One can easily hear improvements before and after in lowered noise floor and better fidelity across the spectrum. Cords with addition of an internal silver wire RF drain also improve. Foil is fragile but results over weave address shorter wavelength frequencies better.

No, no and no on SPG, Single Point Antenna grounds - Cable Shield Grounded At One End Only - EMC Standards

SPG are RESONANCE circuits and NOT a RF ground that attenuated RF. The reason people think they work is when a terrible earth ground differential (ground loop) mitigated at the EXPENSE of RF shielding not the other way around. Fix your broken ground to remove the ground loop and this also allows true RF shielding.

Transfer impedance, SEED and absorbing clamp or any RF shield test require a total and complete GROUND and at both shield ends to attenuate RF for ingress or egrees. Power cords are not “high-voltage” and if RF is an issue at the IEC outlet it is RF being inductively or capacitively couple to the outlet and into the cable (egress). Most all modern devices include low impedance ground path to RF.

The FCC has class A and B RF limits on equipment that use “open” IEC connectors. If it passes the UL antenna field tests, no special cord is needed. If it FAILS you need a special design cord that is CAPTIVE to the device (no open IEC socket).

## FCC Class A vs. Class B Emissions Standards
Because they’re designed for use in commercial and/or industrial settings, Class A devices are permitted to have higher levels of radiated emissions. These environments have less potential for interference with residential electronic equipment. Class B emissions standards are more stringent. Devices in this class are intended for use in a residential setting.
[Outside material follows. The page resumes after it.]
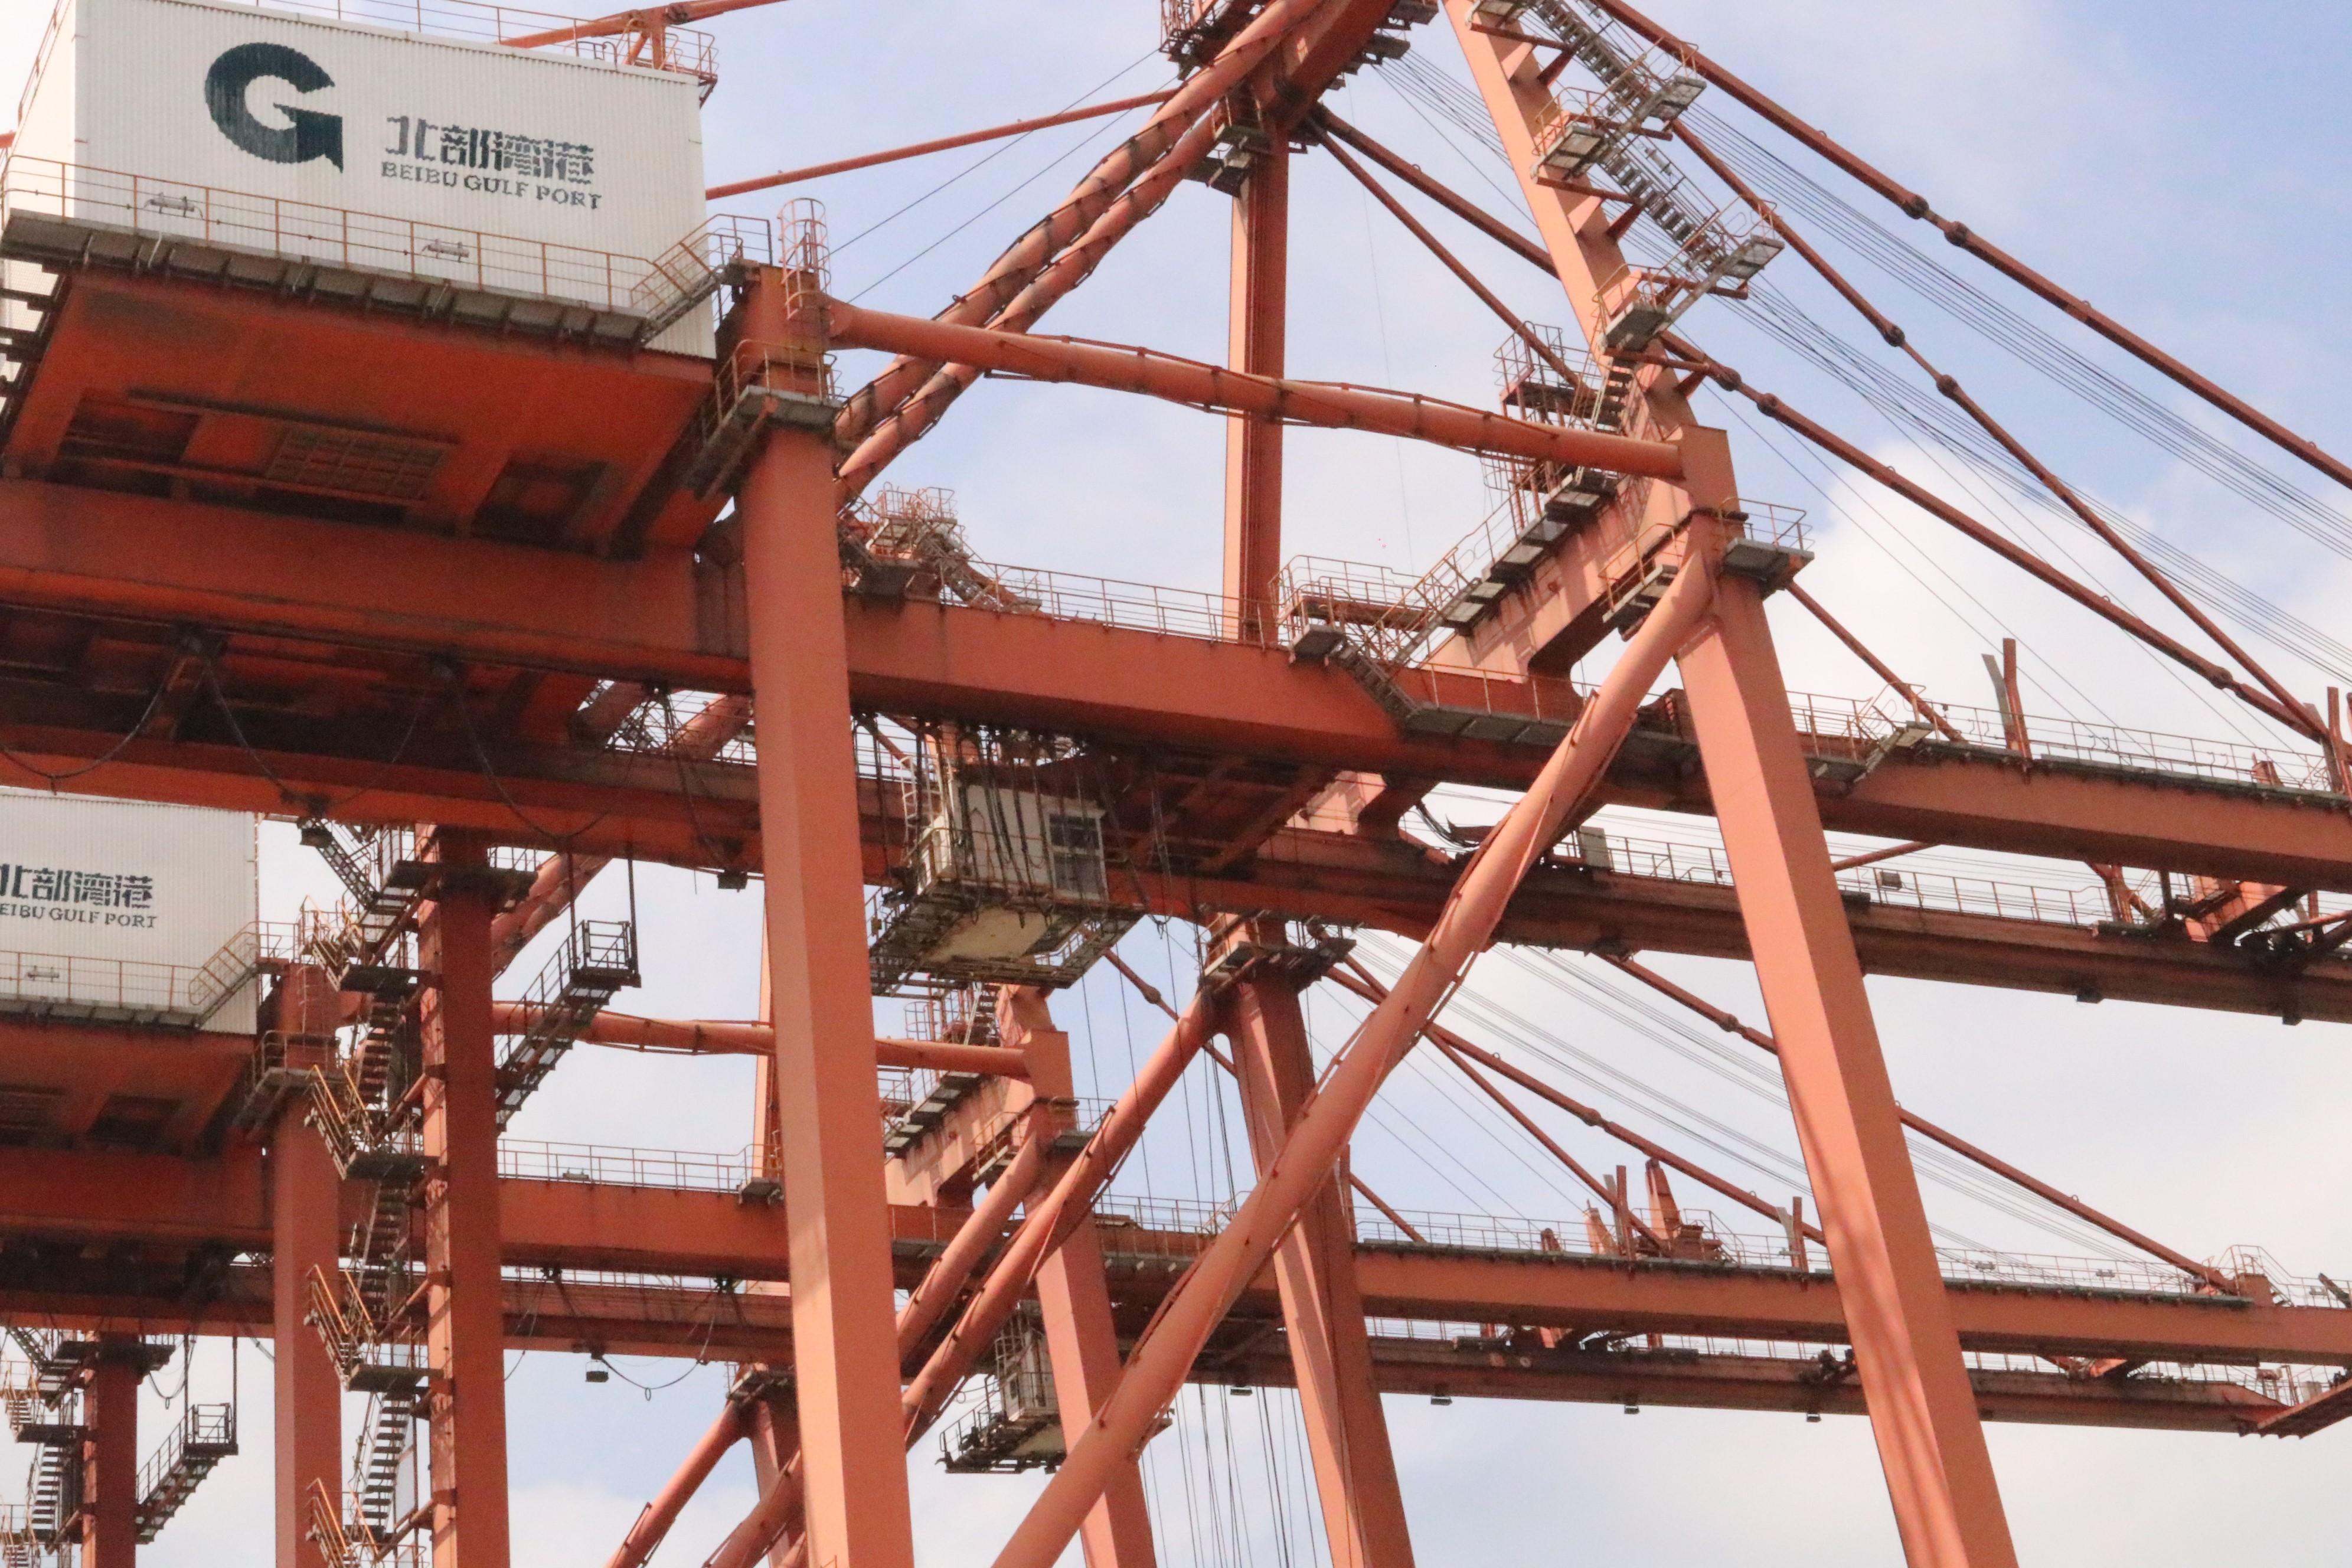 图为防城港码头公司的某座桥吊上安装了5G+高清监控设备,突破了以往的操作瓶颈,改善了码头职工的工作环境。李勤虹 摄
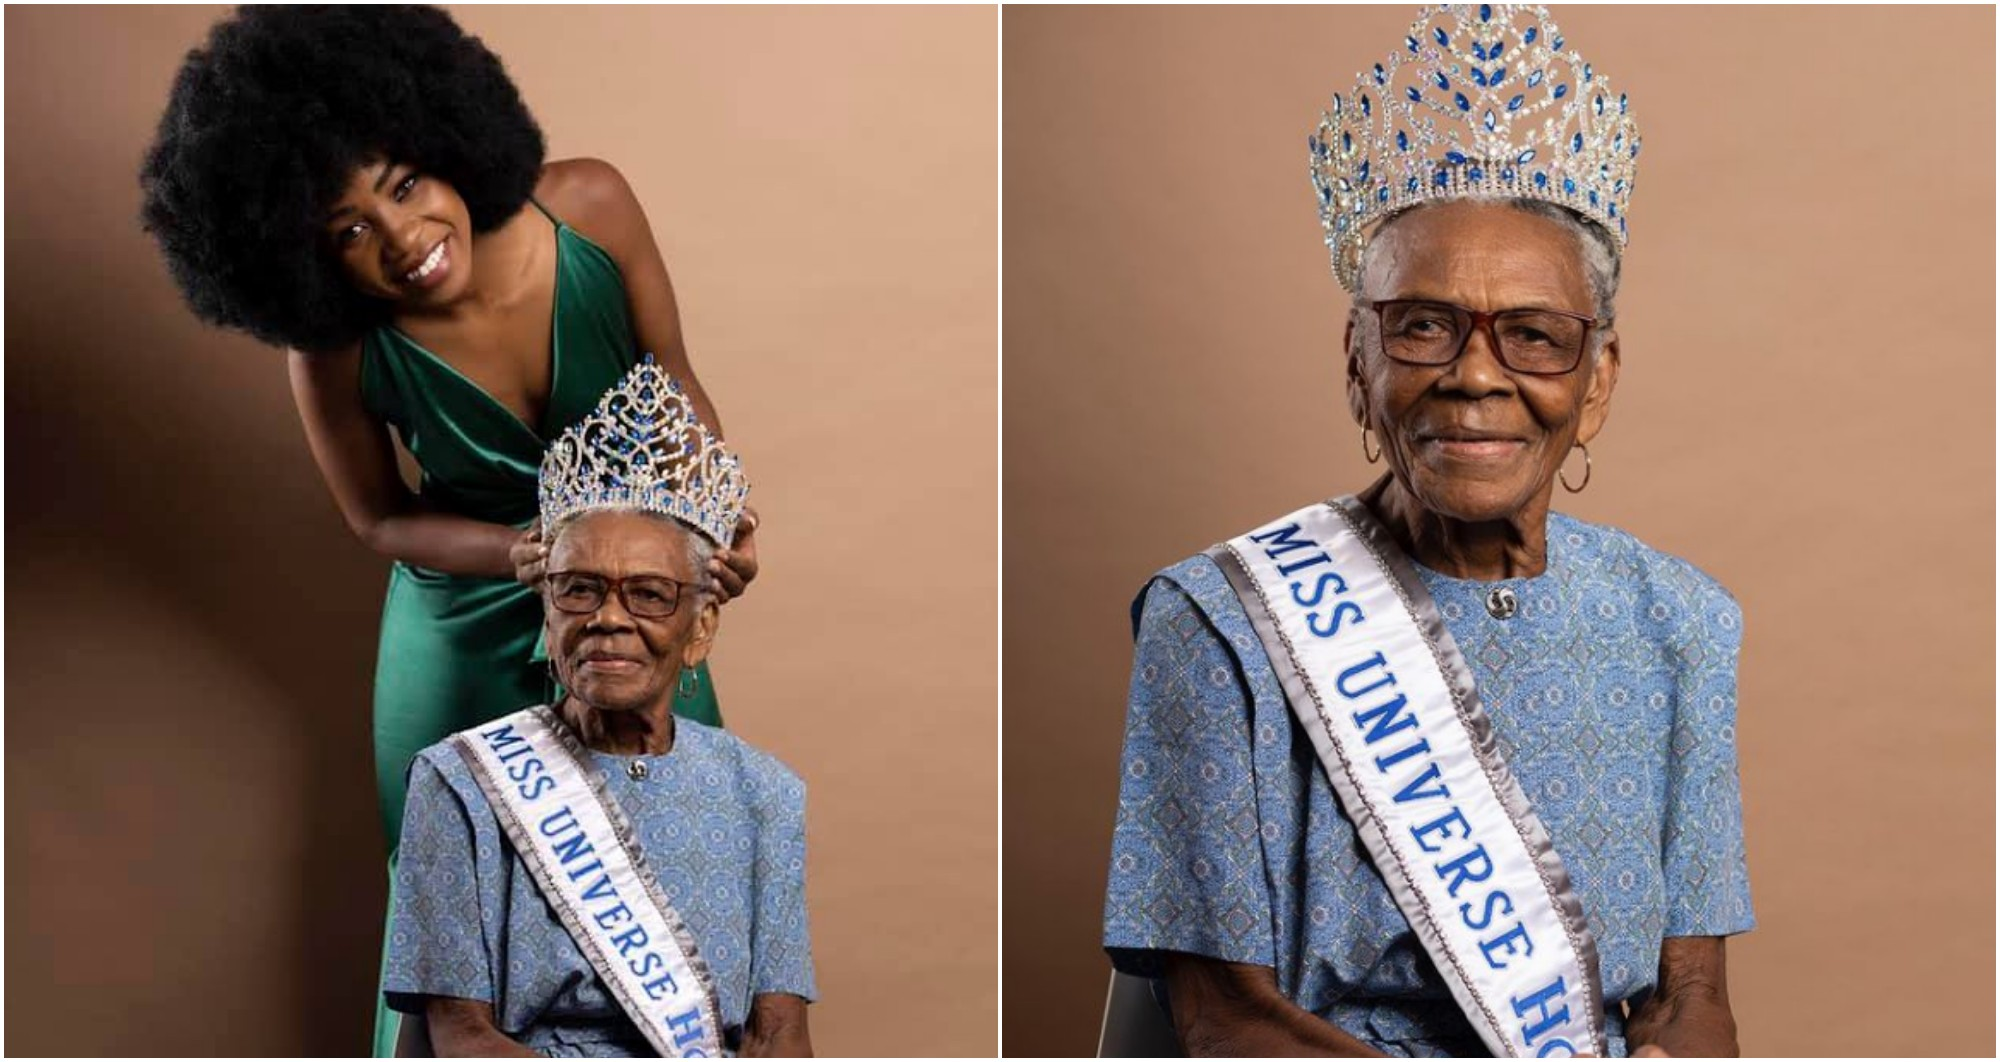 Rose Meléndez comparte unas fotografías con su abuelita

The rationale behind the stricter standards for Class B emissions is that home devices are more likely to interfere with radio or television reception — as well as other electronic devices, such as personal computers — if they output an excessive amount of emissions. - What Are FCC Class A Emissions? - Compliance Testing

This is REALLY how it works. A shield has to have BOTH ends grounded to be a RF shield, or you are building a resonance circuit that is usually WORSE at removing RF, never better (see the sourced paper). An open ground end breaks a ground loop that is from a broken ground system and is NOT to be confused with RF shielding, ever.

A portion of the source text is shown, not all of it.